We plan to recruit 176 adult patients with clinically stable, optimally treated atherosclerotic PAD and walking limitation. We started patient recruitment in December 2017 and have recruited 57 subjects thus far. The study has been approved to receive funding till July 2022. After screening for inclusion and exclusion criteria, eligible subjects are trained to perform subcutaneous injections and instructed to walk at least three times a day until they develop claudication or symptomatic limitation for four weeks. At the end of this 4-week period, subjects undergo baseline testing and are randomized 2:1 in a double-blinded manner to receive 500 μg/day of GM-CSF subcutaneously thrice weekly for 3 weeks (Group A) or placebo (Group B). We have used sex and diabetes status for performing stratified randomization. After 3 months, follow-up endpoint testing is performed and subjects in Group A receive the second administration of 500 μg/day of GM-CSF subcutaneously thrice weekly for another 3 weeks while Group B subjects receive matching placebo.

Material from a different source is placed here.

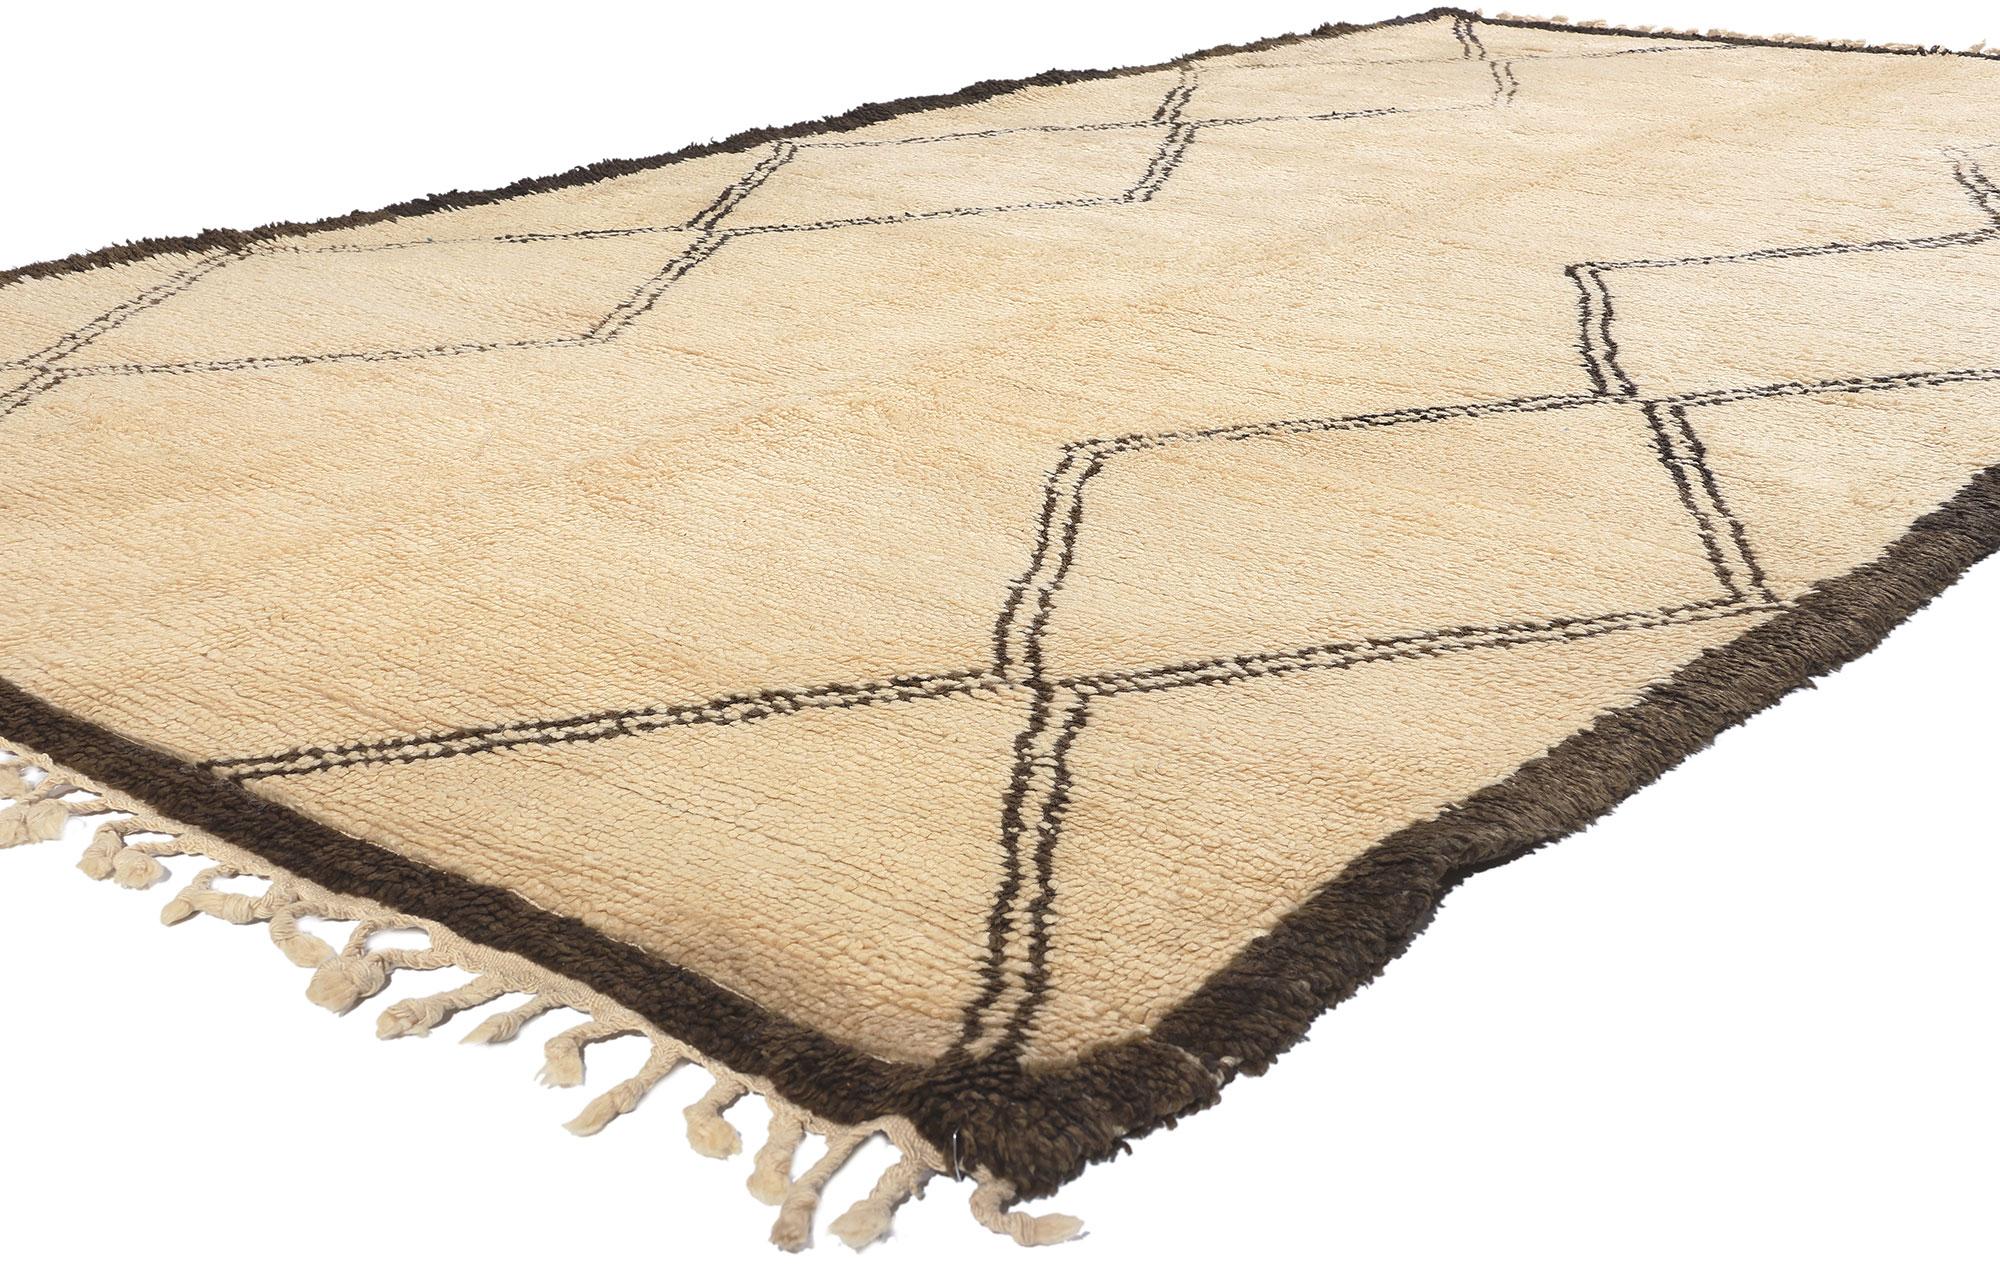 20768 Vintage Moroccan Beni Ourain Rug, 06'04 x 11'01. Step into the realm of Midcentury Modern sophistication with this hand-knotted wool vintage Moroccan Beni Ourain rug. Across the abrashed cream field, two columns of diamond lattices unfold,

All participants undergo endpoint testing two more time at 3-month intervals after the second drug administration (Figure 1). With this study design, we will be able to investigate whether repeat injections of GM-CSF three-months apart have a greater therapeutic effect compared to placebo, and whether the second dosing enhances the effects of GM-CSF. The key phases of the trial are described below.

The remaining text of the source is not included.